Tout paraît normal et en ordre, en théorie, mais pas en pratique. Juste par curiosité, si tu réinstalles ton ancienne barrette SSD, que tu installes une version de macOS sans installer le moindre autre logiciel, par défaut tu peux donc installer une version de Windows. Si tout se passe bien, j'ai le sentiment que c'est ton adaptateur le problème. J'ai déjà lu quelques messages de membres ayant rencontré non pas un problème similaire, mais une mauvaise reconnaissance de leur adaptateur. A voir.


----------



## Marko8313 (21 Avril 2020)

Salut Locke,

Merci pour ta réponse. 
Je testerai cela quand le temps me le permettra. (Teletravail oblige.)
Il est vrai que la piste de l adaptateur est la plus probable. 
Peut être quelqu’un peut me conseiller un adaptateur adéquat?

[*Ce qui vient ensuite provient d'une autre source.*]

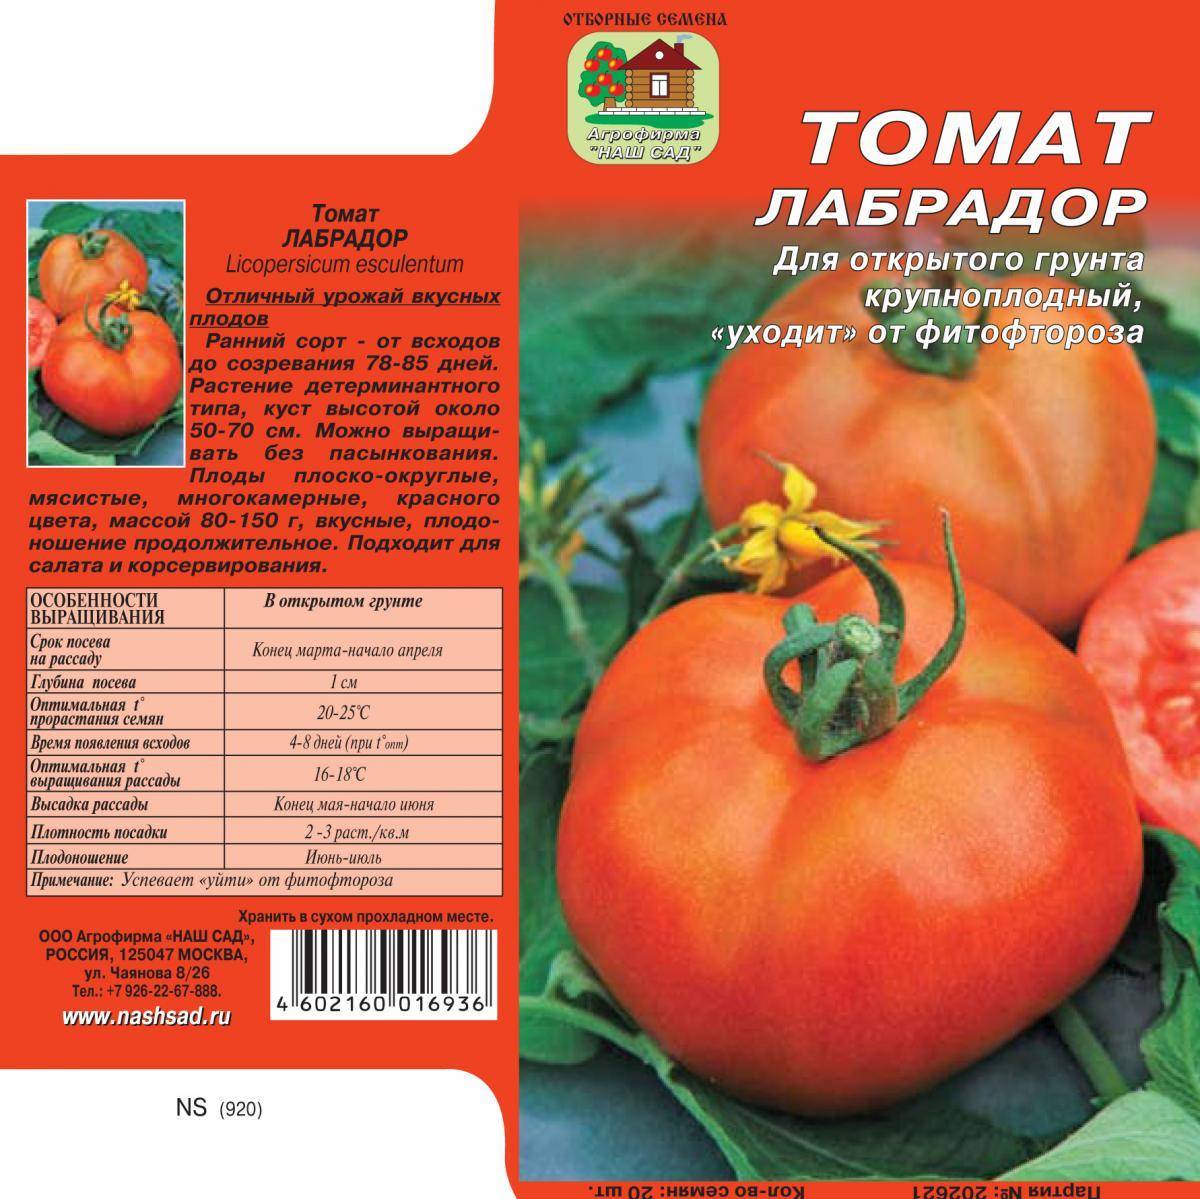 Описание сорта томата львович, его преимущества и недостатки

Je ferai un retour quand j aurai testé. 
A+


----------



## Locke (21 Avril 2020)

Pour l'adaptateur, c'est une hypothèse, mais un écran bleu _(écran de la mort)_ sous Windows est généralement un problème de mauvaise reconnaissance par des fichiers système d'une partie des matériels.


----------



## Marko8313 (23 Avril 2020)

Bonjour,

je n'ai pas fait la manip que tu as proposé car j'ai trouvé une solution à mon problème.

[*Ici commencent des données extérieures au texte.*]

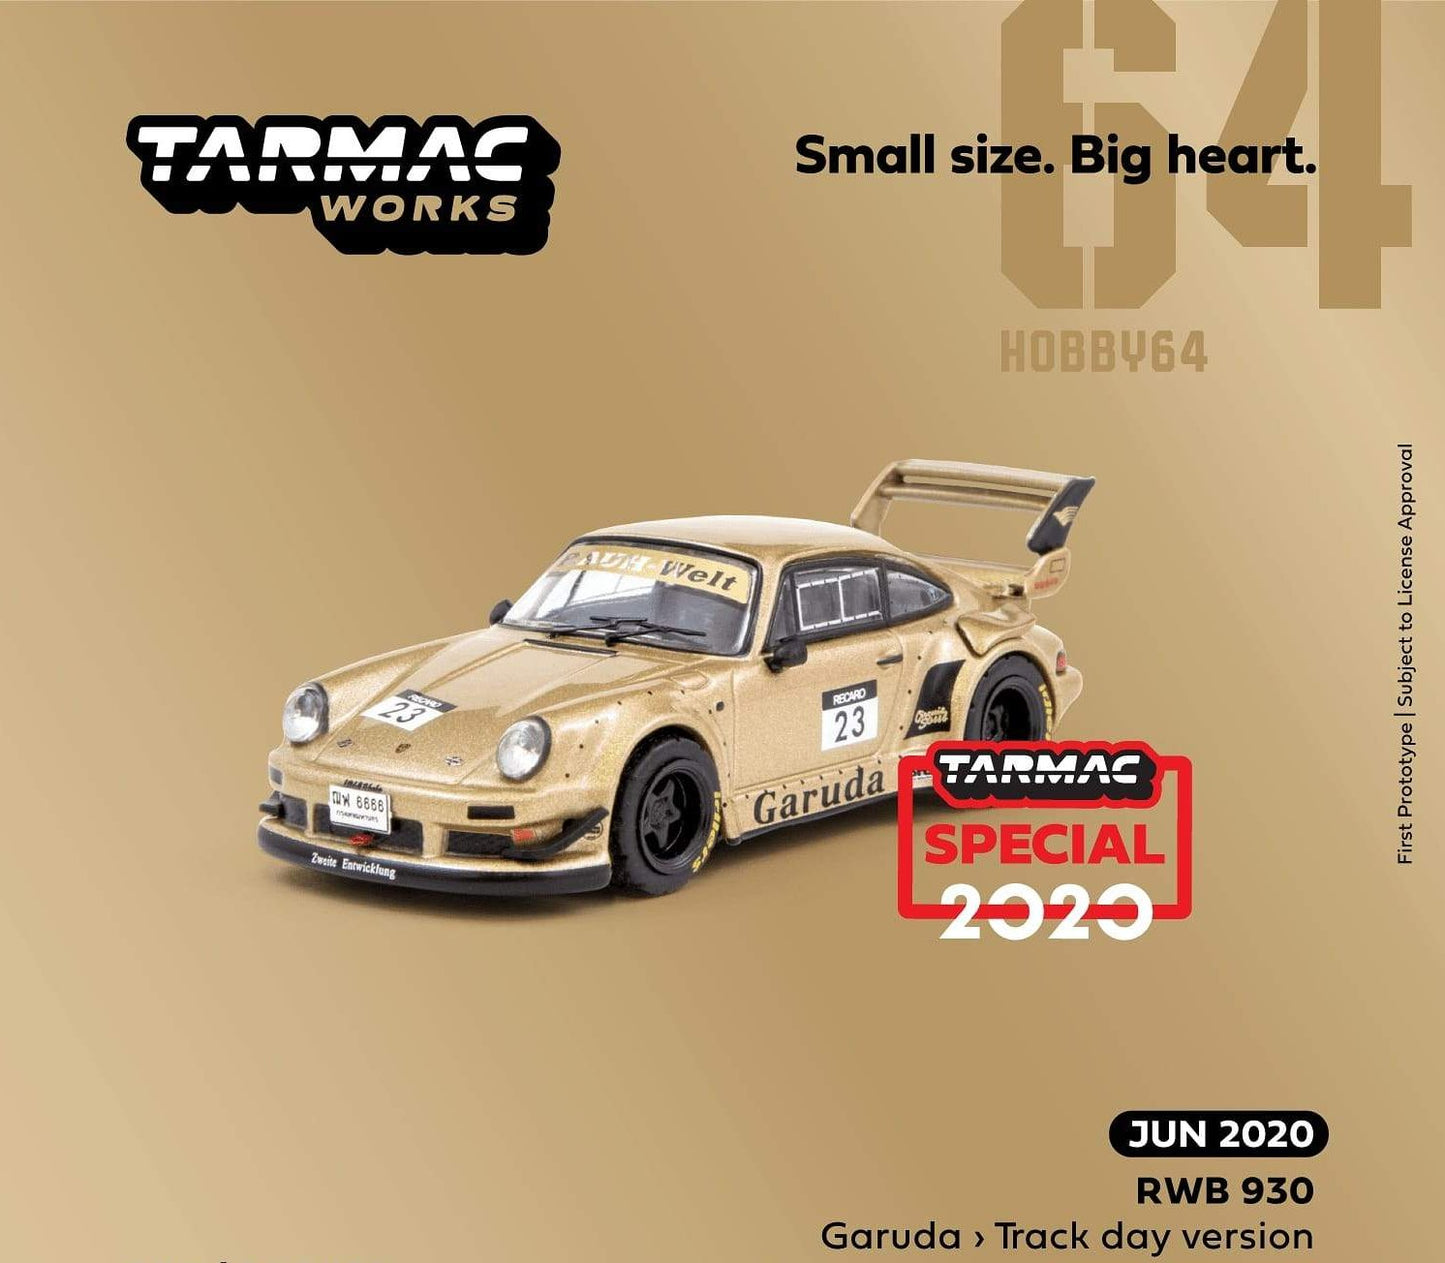 Tarmacworks RWB 930 Garuda - Track day version

En effet quelques manip dans la base de registre....









						Upgrading 2013/2014 Macbook Pro SSD to M.2 NVMe
					

This thread is about upgrading MacBook Airs & Macbook Pros (2013-2015) with new high speed and/or high capacity NVMe SSDs. This thread was one of the first to talk about MacBook Pro NVMe SSD upgrades on Macrumors, and was started by user "maxthackray", which we can thank and give tribute for...




					forums.macrumors.com
				




Voir la solution en bas du poste 1.

"Here are the two recommendations to Install BootComp with success on a MacBook Air / Pro with a NVMe SSD :

leave the MagSafe charger plugged in during the whole installation process (don't run on battery)
When you see the error pop-up, "The Computer restarted unexpectedly....", please do the following :
1. Press Shift + F10 keys.
2. Launch "regedit".
3. Find this directory, "HKEY_LOCAL_MACHINE\SYSTEM\Setup\Status\ChildCompletion"
4. Once you can see "setup.exe" in the right section, double-click it and modify the value to 3.
5. Close the regedit.
6. Reboot"


Par contre par la suite, une fois que Windows s'est installé (AVEC LE CHARGEUR!!!!), une instabilité d'alimentation persiste.
J'ai encore farfouillé et trouvé une seconde solution à ce problème.

Le lien est en espagnol mais facilement reproductible en français en suivant les étapes.








						Windows 10: critical process died con ssd Crucial P1 - FernandezSanSalvador
					

Como ya comente en un post anterior, hace dias que me anime a ampliar el disco duro ssd de mi macbook pro. Dejando un lado los discos duros ssd Transcend



					www.fernandezsansalvador.es
				




Pour finir, j'ai un dernier soucis qui ne me gène pas sur l'utilisation de Windows et bootcamp.
En effet los du boot avec la touche ALT pour choisir l'OS, j'ai le choix entre 2 disques EFI boot et 1 MACINTOSH HD, le 2ème étant BOOTCAMP, et le 1er aucune idée (écran noir au lancement).







J'aimerai clarifier ce point afin d'avoir une machine propre.  

Par avance merci.


----------



## Locke (23 Avril 2020)

Marko8313 a dit:


> J'aimerai clarifier ce point afin d'avoir une machine propre.


Clarifier la situation, non ! Le lien que tu cites est un pis-aller et s'il faut retirer l'adaptateur secteur en ayant bidouillé les paramètres d'économie d'énergie dans Windows, ce n'est pas une solution pérenne. Pour les 2 EFI boot, il faudrait que notre ami macomaniac fasse un petit passage par ici, car il faut faire des modifications dans le EFI boot de macOS.


----------